→ **Work instructions**: Your reply should be an exact copy of every entry, with the pictures removed.

→ **Record extracts**:

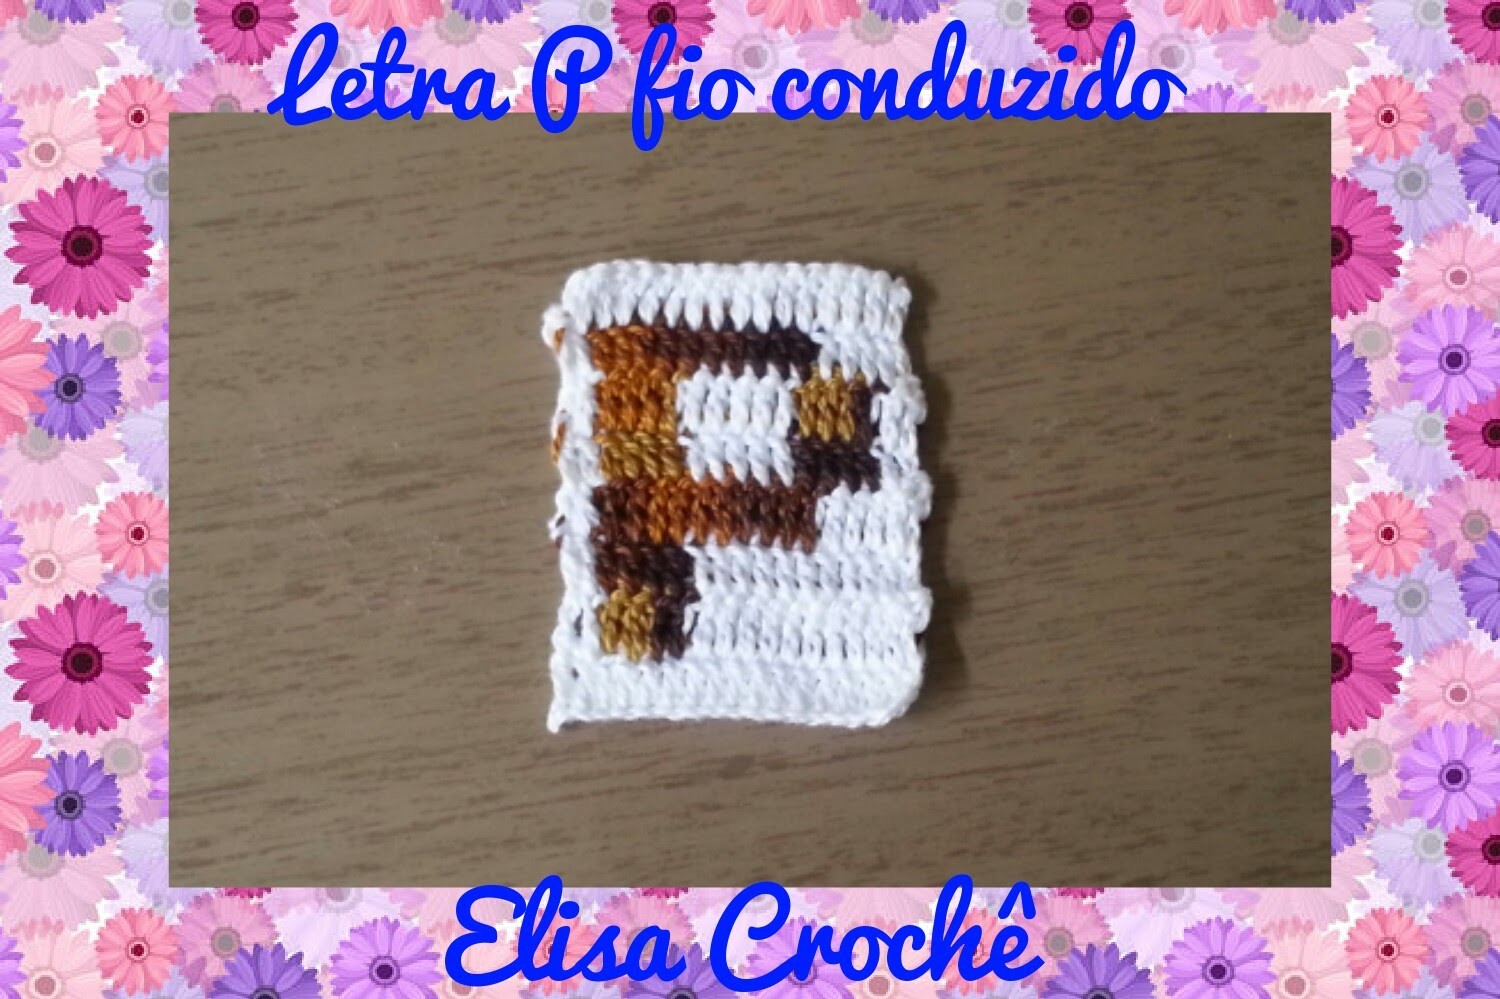 Letra P de crochê em fio conduzido # Elisa Crochê
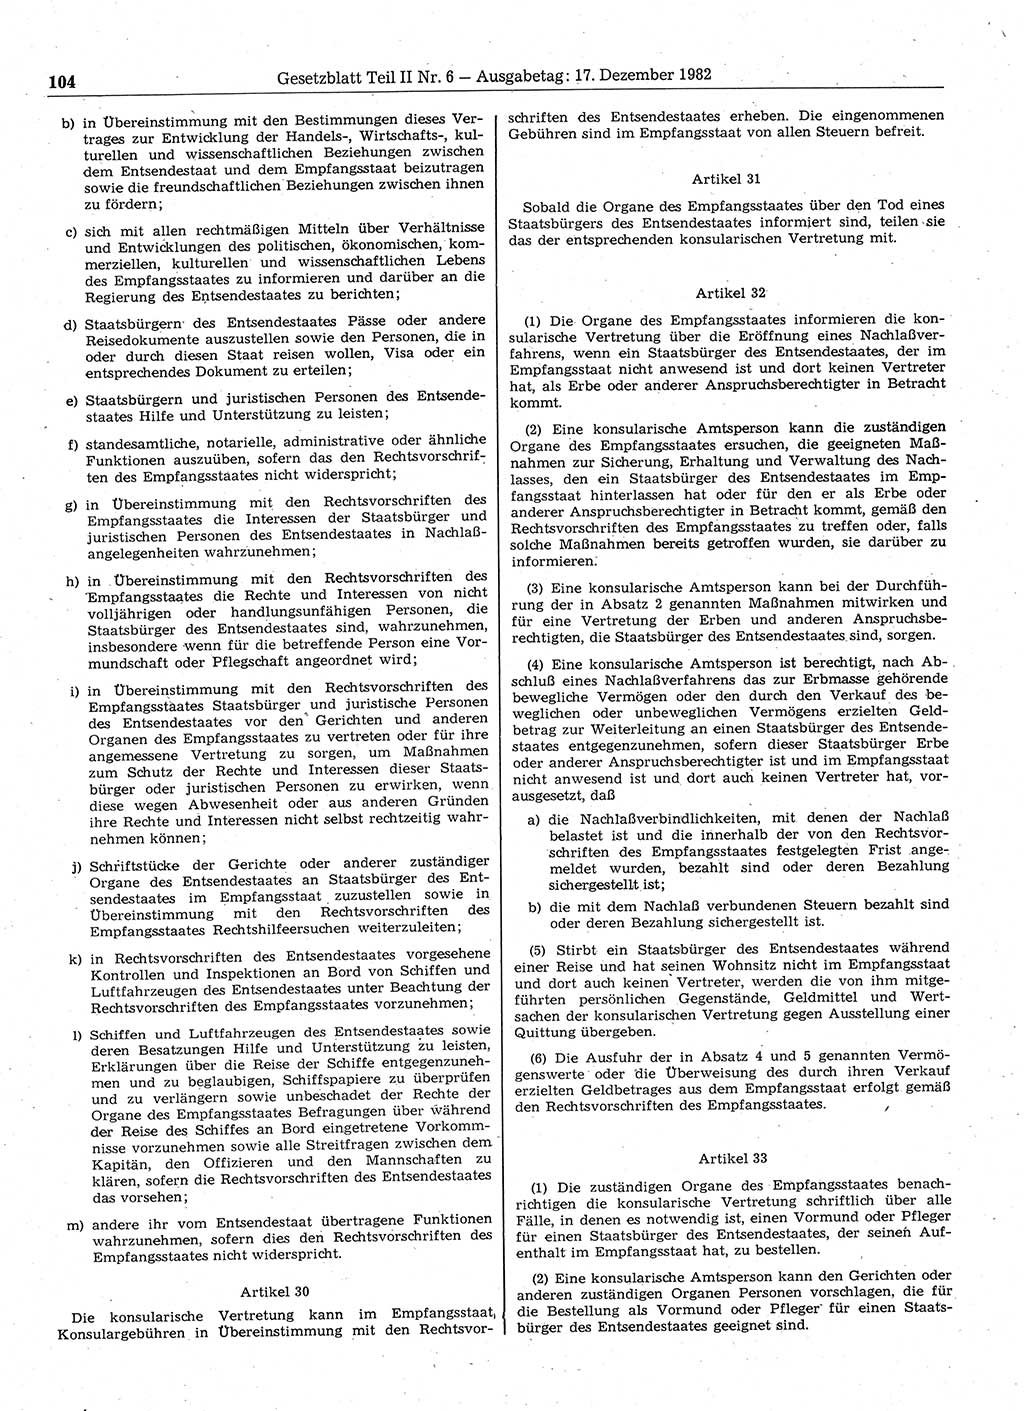 Gesetzblatt (GBl.) der Deutschen Demokratischen Republik (DDR) Teil ⅠⅠ 1982, Seite 104 (GBl. DDR ⅠⅠ 1982, S. 104)
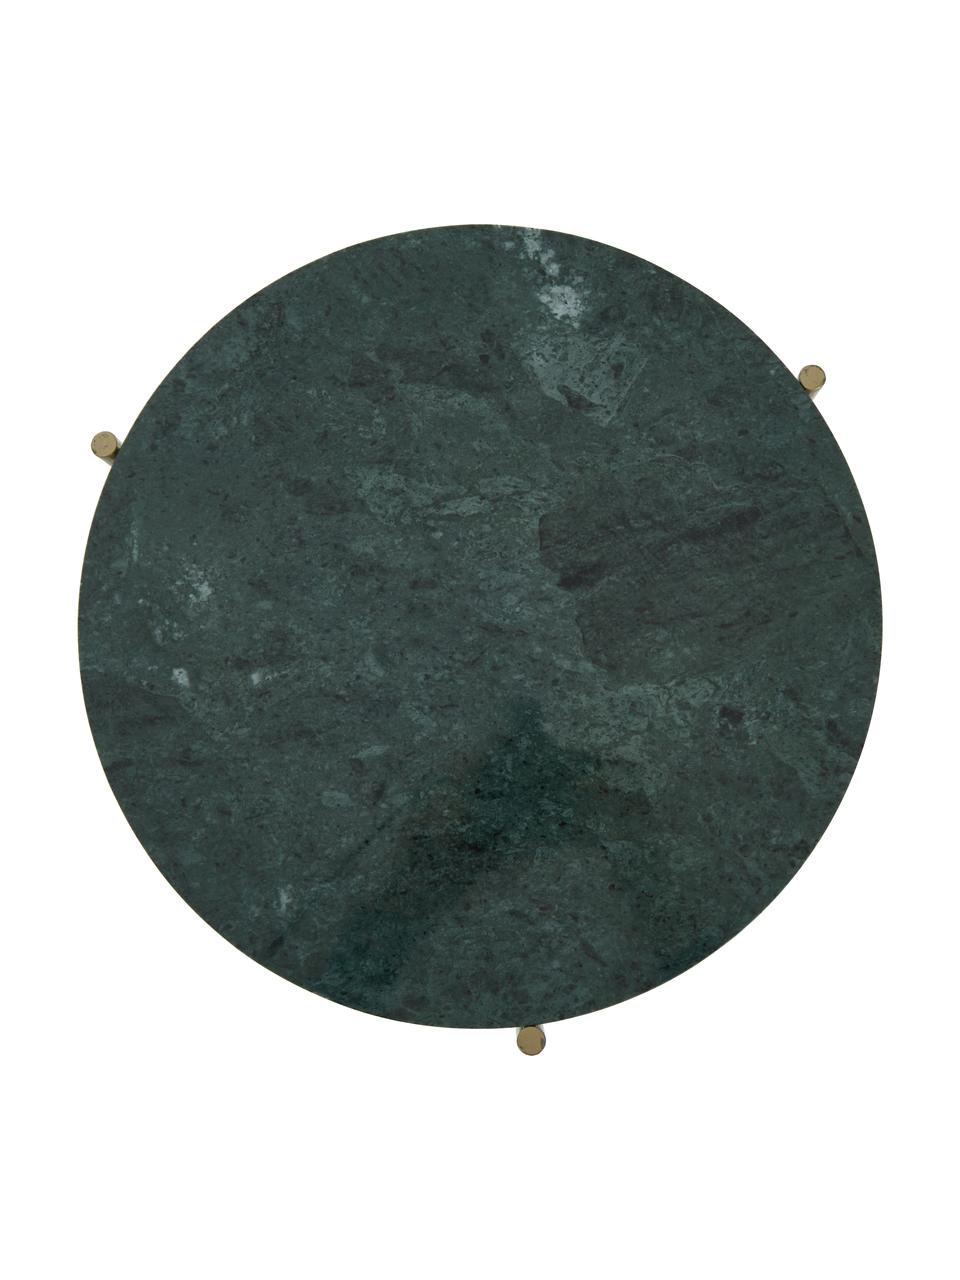 Runder Marmor-Beistelltisch Ella, Tischplatte: Marmor, Gestell: Metall, pulverbeschichtet, Grüner Marmor, Goldfarben, Ø 40 x H 50 cm
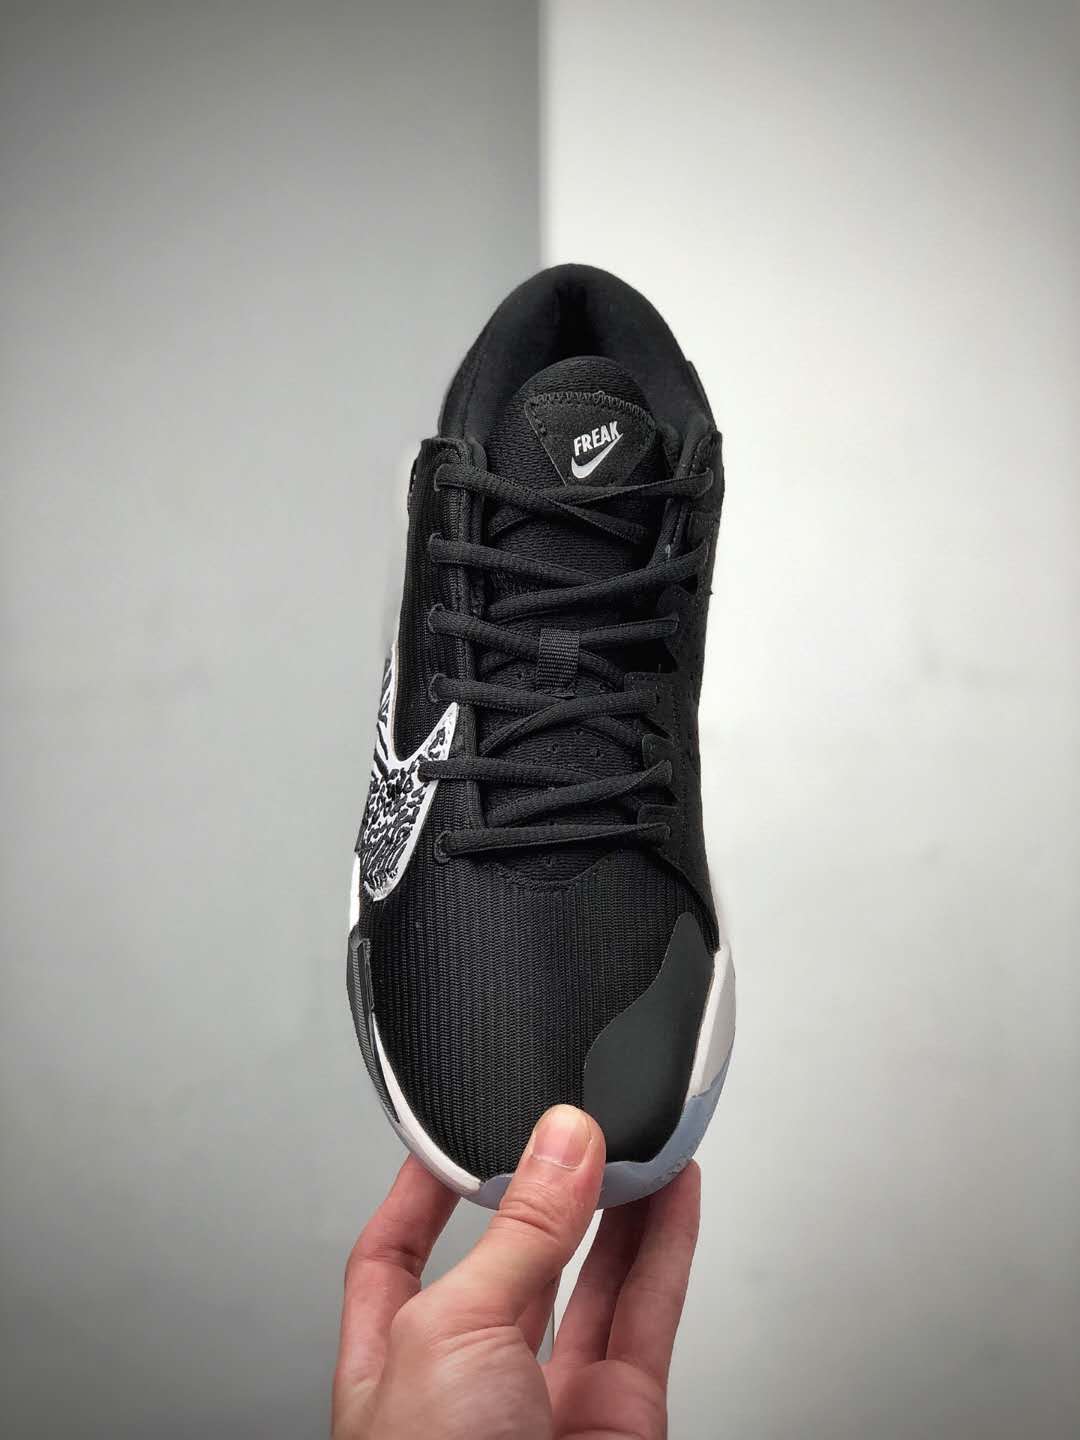 Nike Zoom Freak 2 'Black' CK5424-001 | Elite Performance Basketball Sneakers
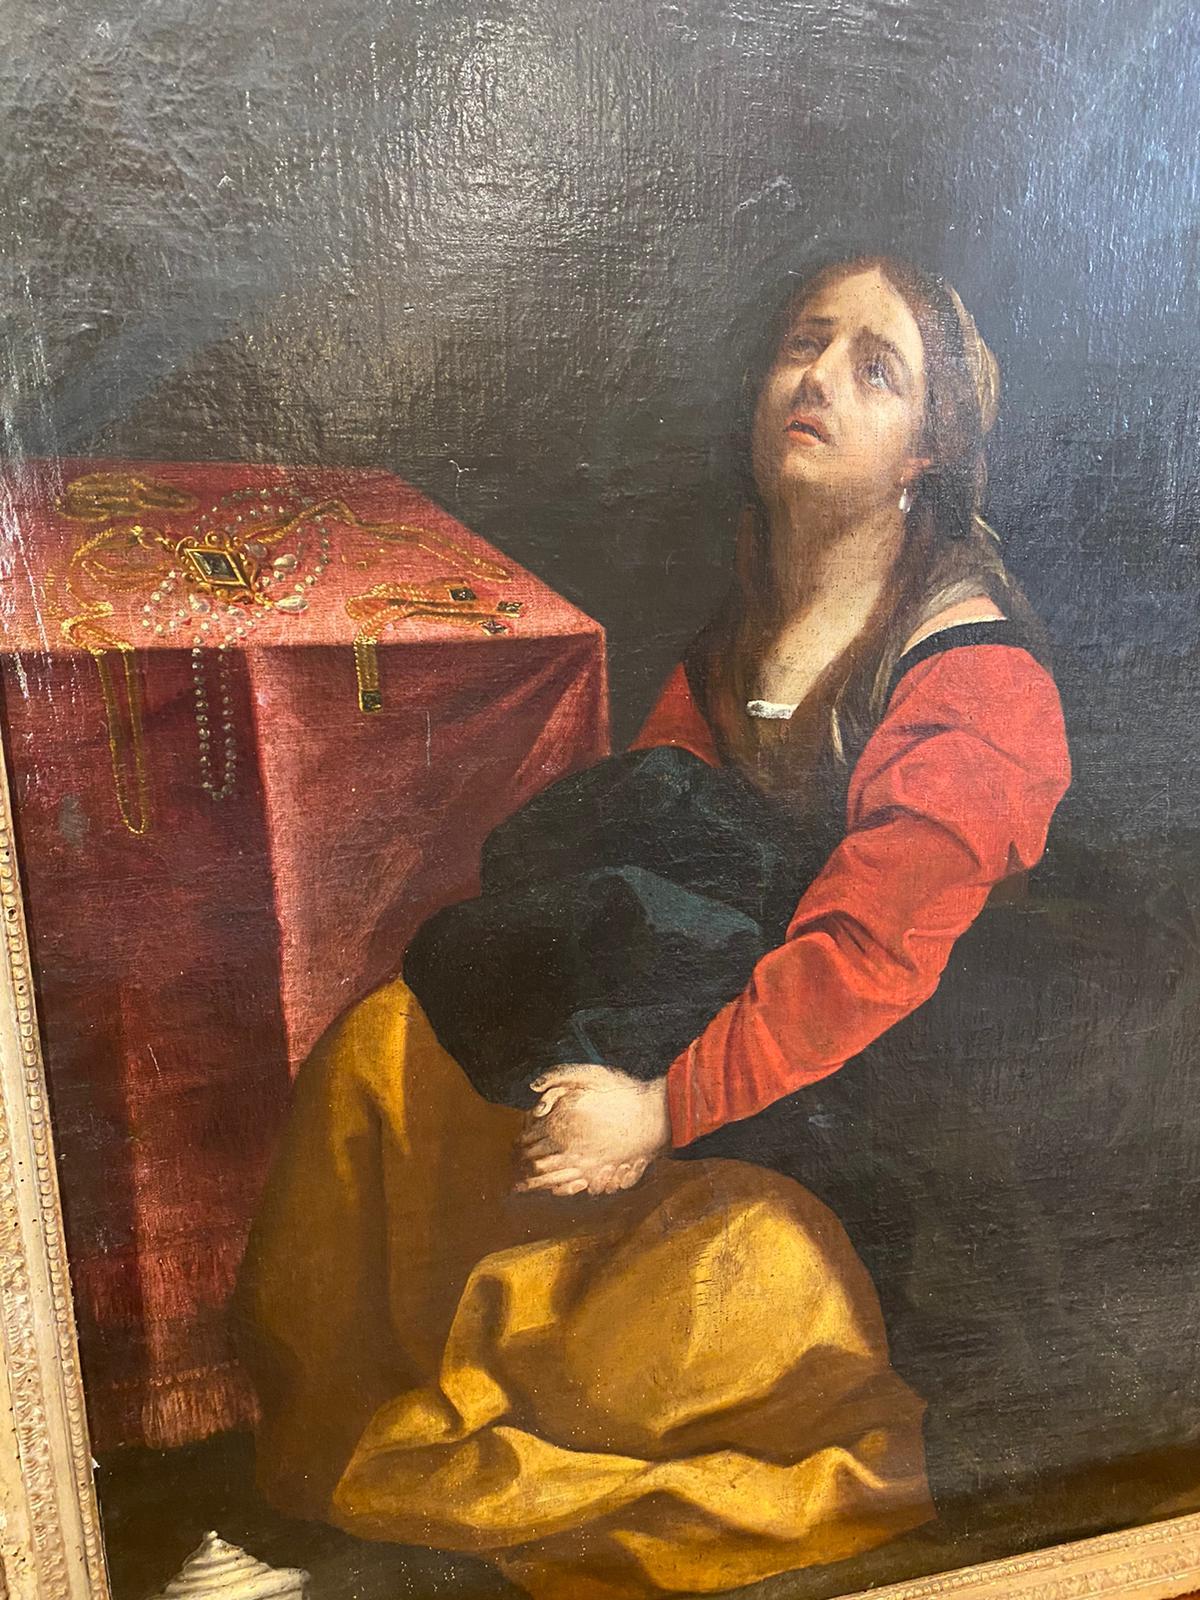 Öl auf Leinwand mit der Darstellung der Magdalena mit Juwelen auf dem Tisch, schöne Farben und das Gesicht des Heiligen Ausdruck. Vermutlich italienischer Maler aus Mittelitalien, 18. Jahrhundert.

→ **Written solution**:
 Letra P de crochê em fio conduzido # Elisa Crochê
 Gesetzblatt (GBl.) der Deutschen Demokratischen Republik (DDR) Teil ⅠⅠ 1982, Seite 104 (GBl. DDR ⅠⅠ 1982, S. 104)
 Runder Marmor-Beistelltisch Ella, Tischplatte: Marmor, Gestell: Metall, pulverbeschichtet, Grüner Marmor, Goldfarben, Ø 40 x H 50 cm
 Nike Zoom Freak 2 'Black' CK5424-001 | Elite Performance Basketball Sneakers
 Öl auf Leinwand mit der Darstellung der Magdalena mit Juwelen auf dem Tisch, schöne Farben und das Gesicht des Heiligen Ausdruck. Vermutlich italienischer Maler aus Mittelitalien, 18. Jahrhundert.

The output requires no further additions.